What about causality?
Clearly, cross-country correlations do not prove that there is a causal effect of globalization on poverty-reduction. Whether you see this as a big problem or not, depends on what question you are ultimately interested in. If you want to know what would happen if some countries randomly 'globalized', and other not, then you are left in the dark (and probably will be so for a long time). On the other hand, if you are interested in what happend to the countries that actually globalized in various ways and for various reasons during the 1983 to 2007 period, the result is both interesting and robust. The sample covers almost all developing countries, and the model is estimated using variation over time within countries, using 5 year averages.
To put it differently, the data show rather convincingly that globalization has been good for the poor, but you should still be careful when giving policy advice to countries.
This said, Bergh and Nilsson (2014) does contain two instrumental variable approaches, using lagged globalization in neighborig countries, and the duration of McDonalds presence as instruments for globalization. Still far from a randomized experiment, these approaches confirm that the variation in globalization that is imposed on countries by McDonalds entering, or by neighbouring countries becoming more open, is also negatively related to absolute poverty.

Enough with this fixed-effect,2SLS nonsense!
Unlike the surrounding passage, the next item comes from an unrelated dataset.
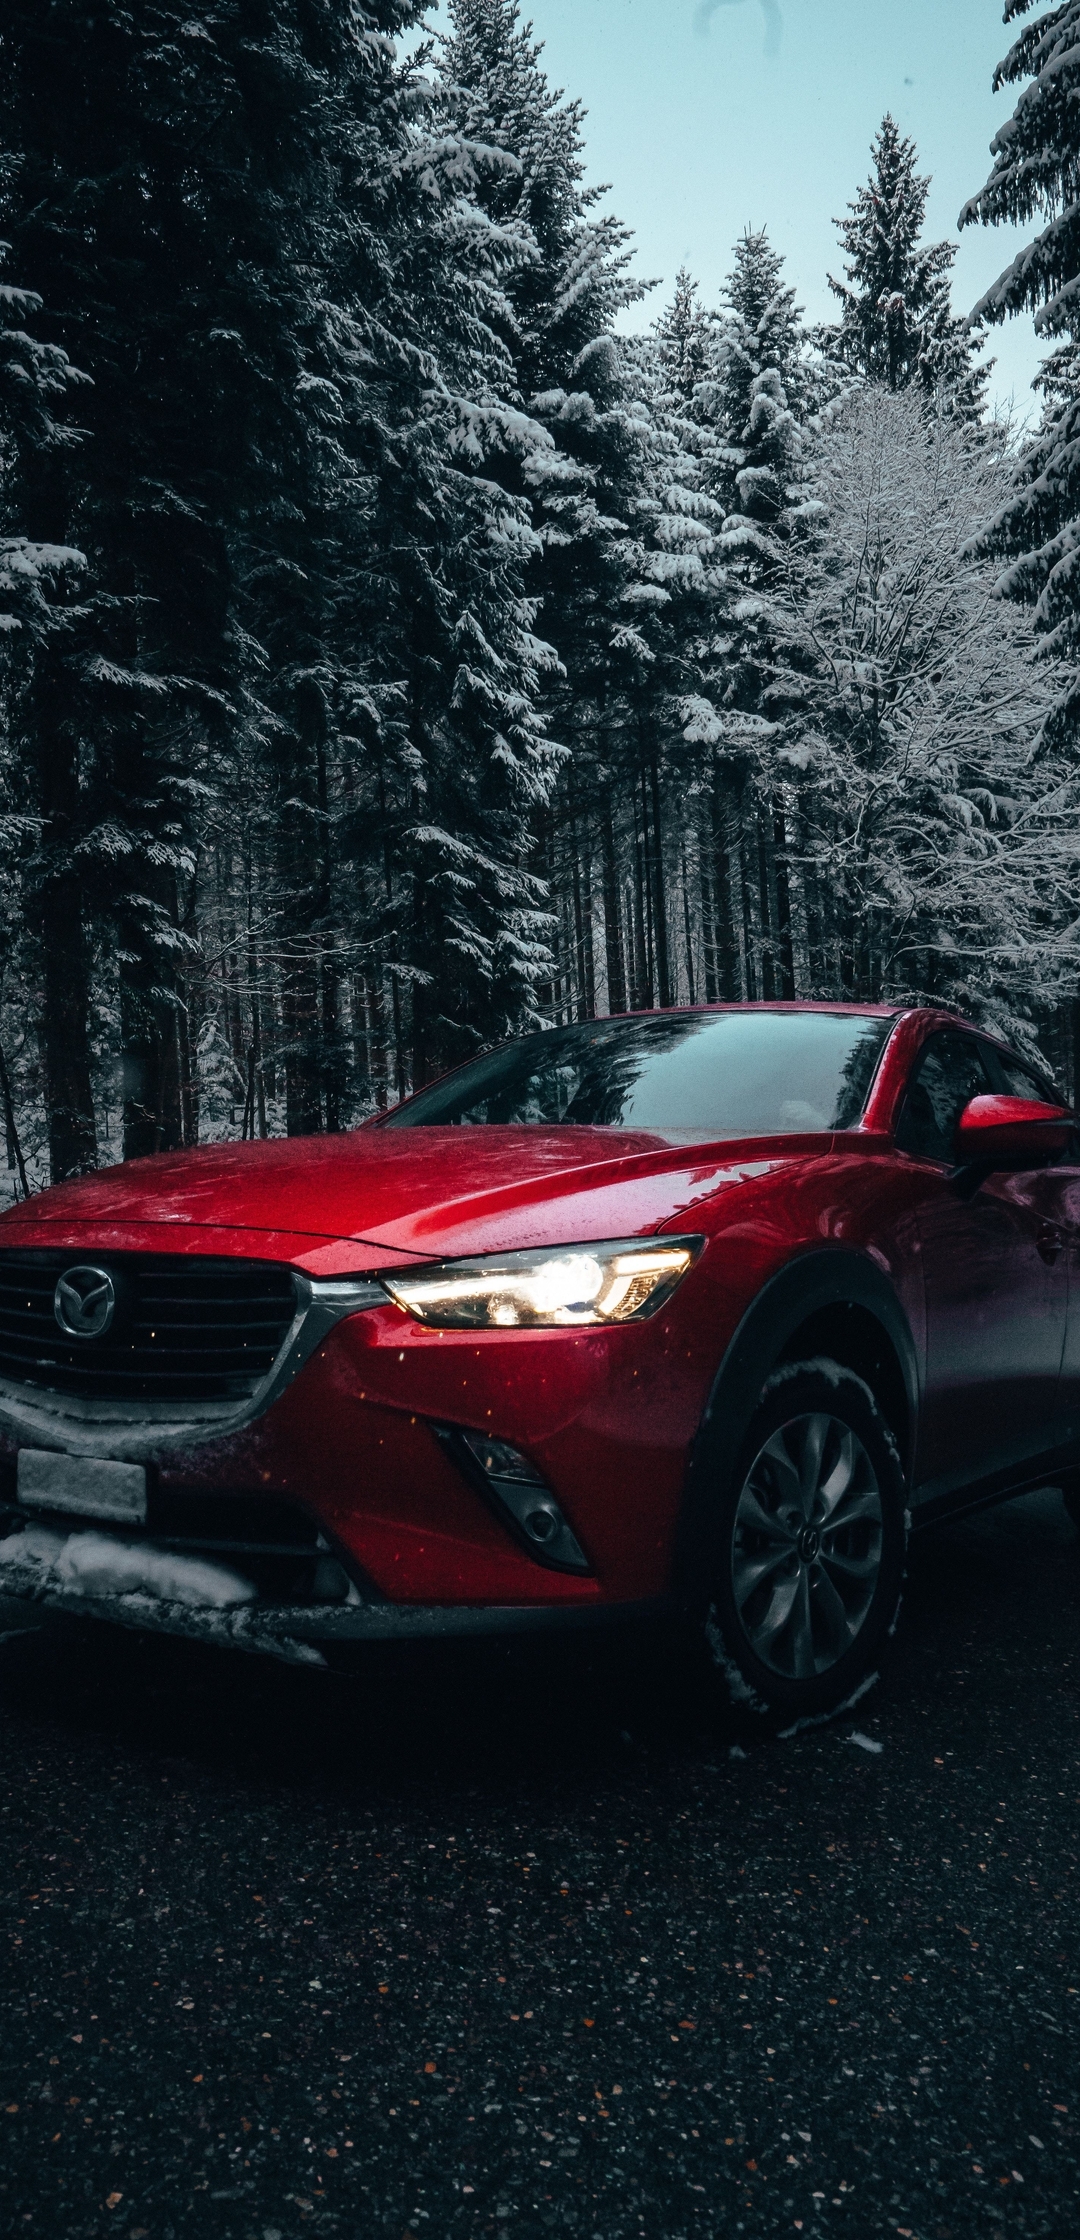 Image: Winter, forest, snow, road, trees, car, red, Mazda 6

What does a scatter plot relating levels of globalization to absolute poverty rates look like?
Like this (from Bergh and Nilsson 2014):

For more on the effects of globalization, see the excellent survey by Potrafke (2015).
References:
Bergh, A. and T. Nilsson (2014). "Is Globalization Reducing Absolute Poverty?" World Development 62 (0): 42-61.
Bergh, A., et al. (2015). "Do the poor benefit from globalization regardless of institutional quality?" Applied Economics Letters: 1-5.
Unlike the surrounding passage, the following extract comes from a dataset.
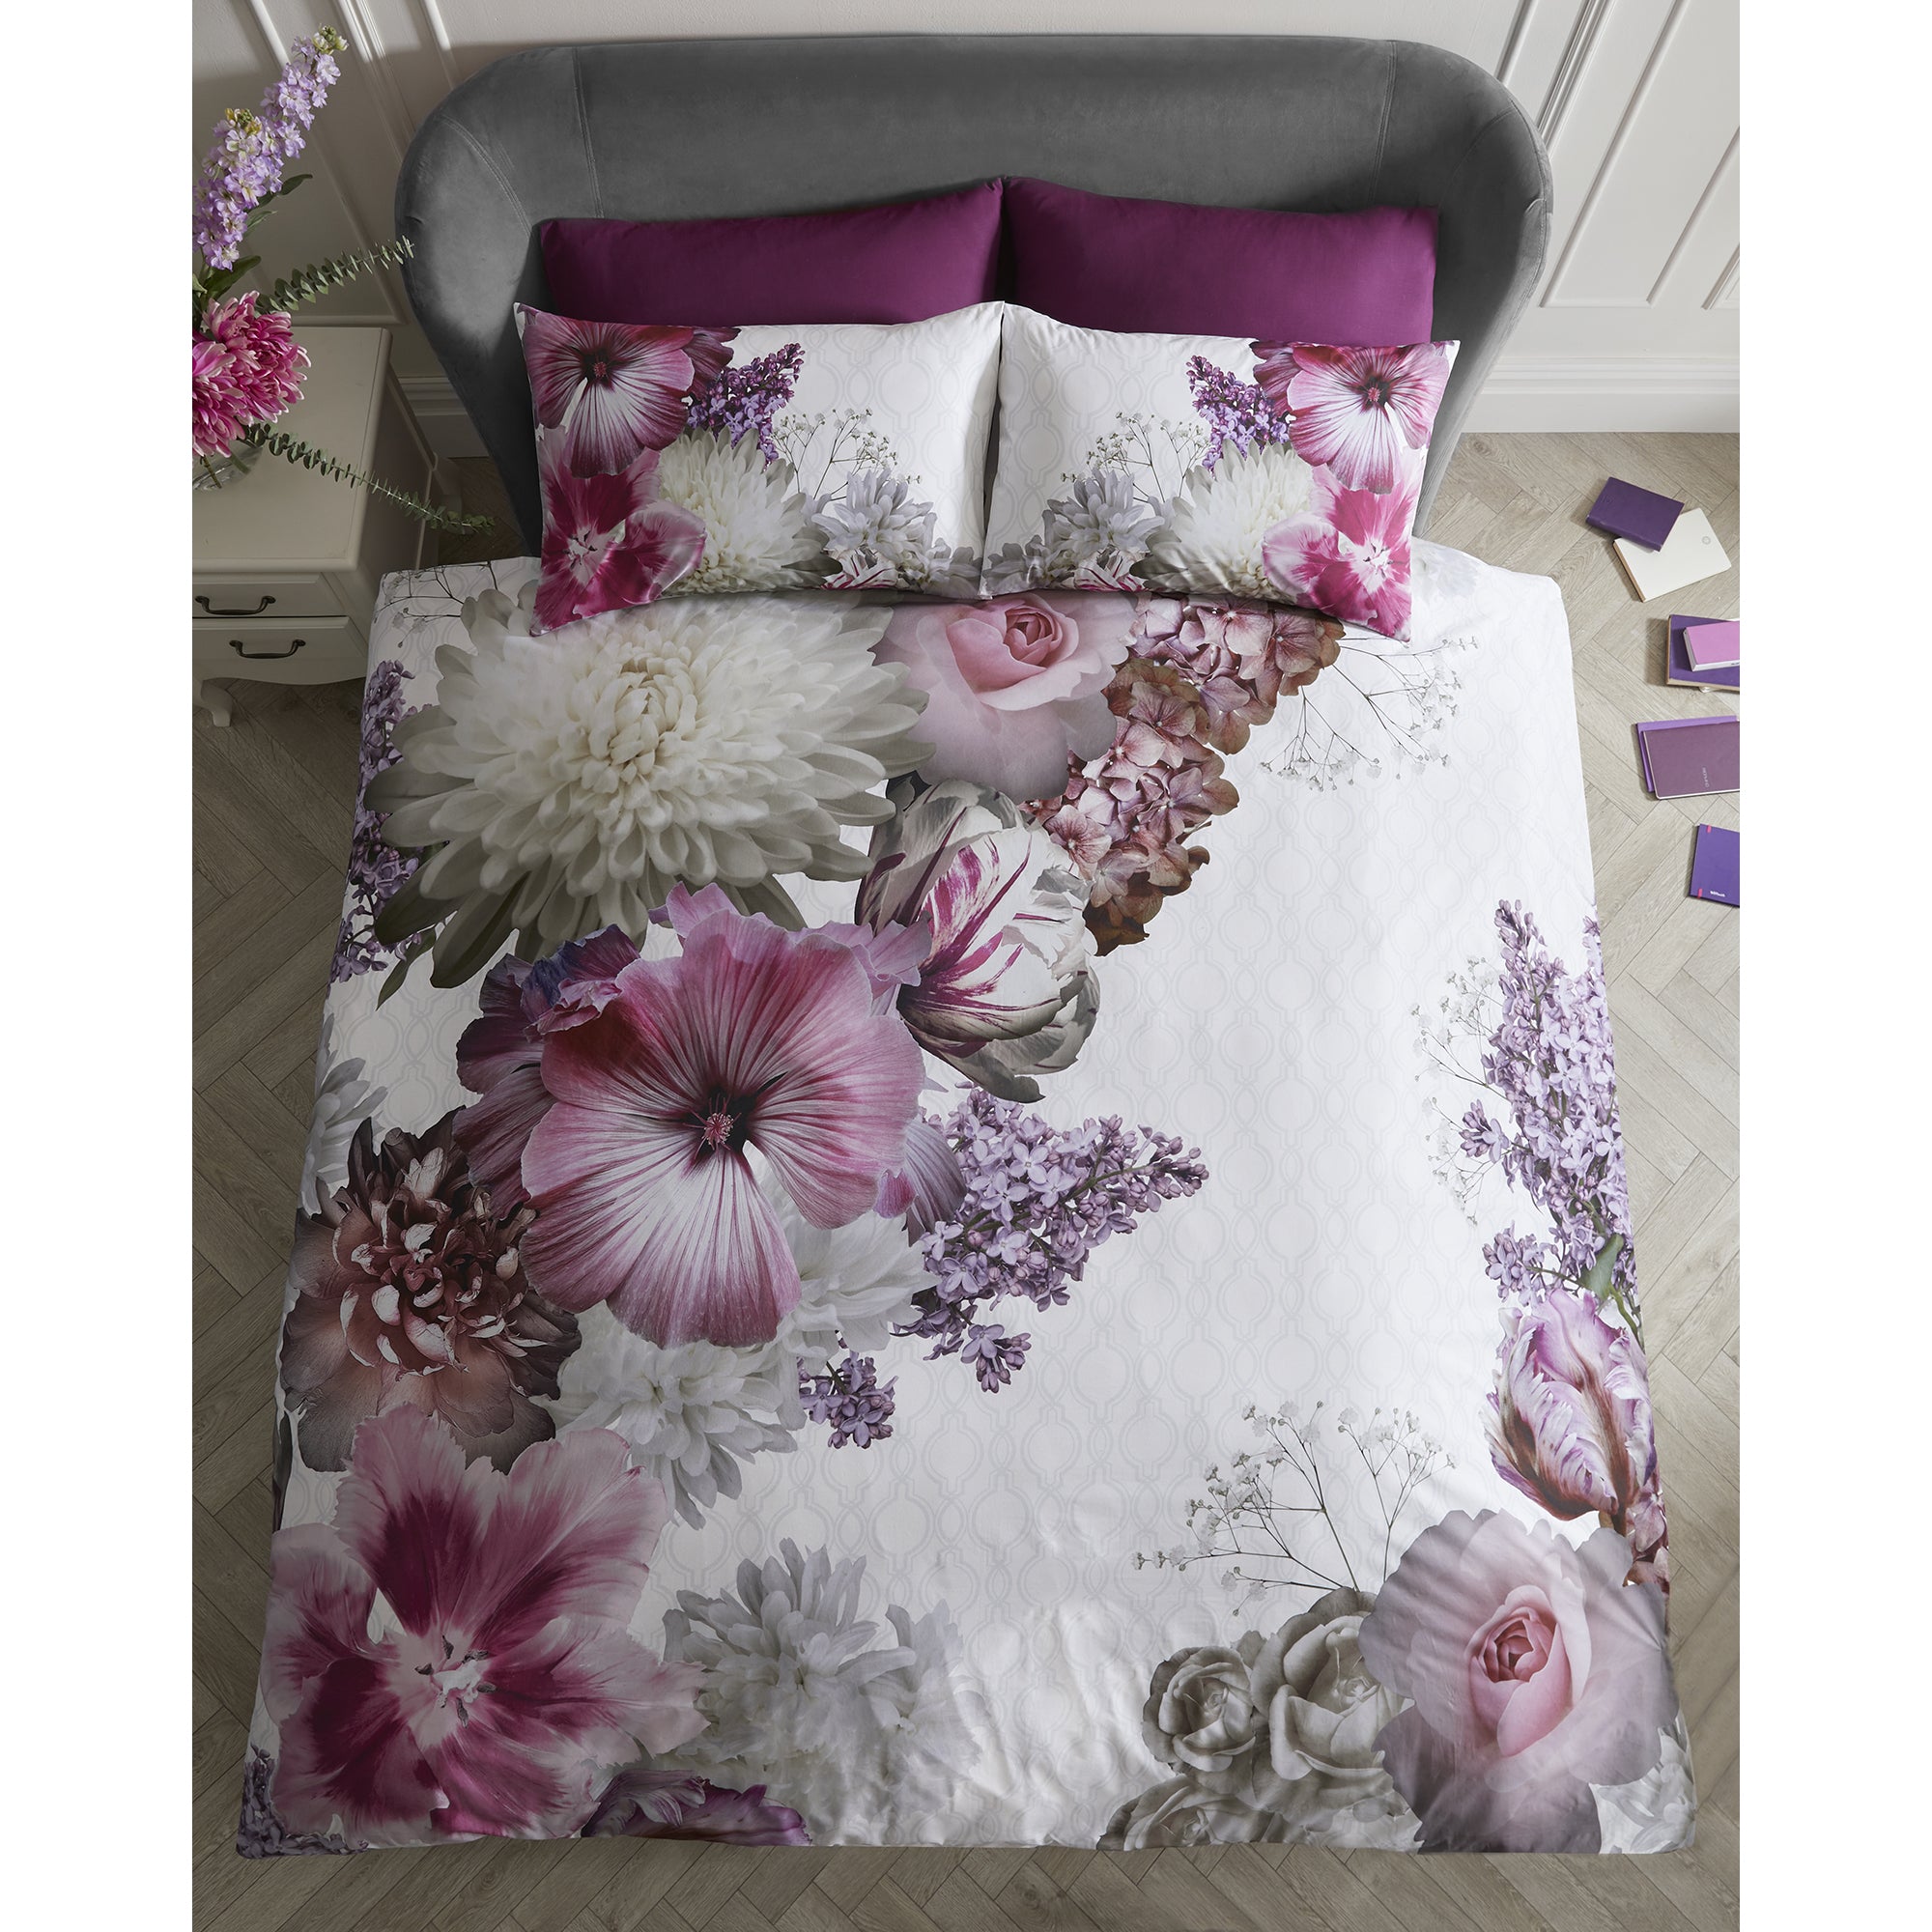 Mayfair Lady - 100% Cotton Duvet Cover Set by Laurence Llewelyn-Bowen

Dreher, A., et al. (2008). Measuring Globalisation: Gauging Its Consequences, Springer.
Dollar, D. and A. Kraay (2004). "Trade, Growth, and Poverty." The Economic Journal 114 (493): F22-F49.
Sindzingre, A. (2005). "Explaining Threshold Effects of Globalization on Poverty: An Institutional Perspective." World Institute for Development Economic Research (UNU-WIDER), Working Paper RP2005:53.
Potrafke, N. (2015). "The Evidence on Globalisation." The World Economy 38 (3): 509-552.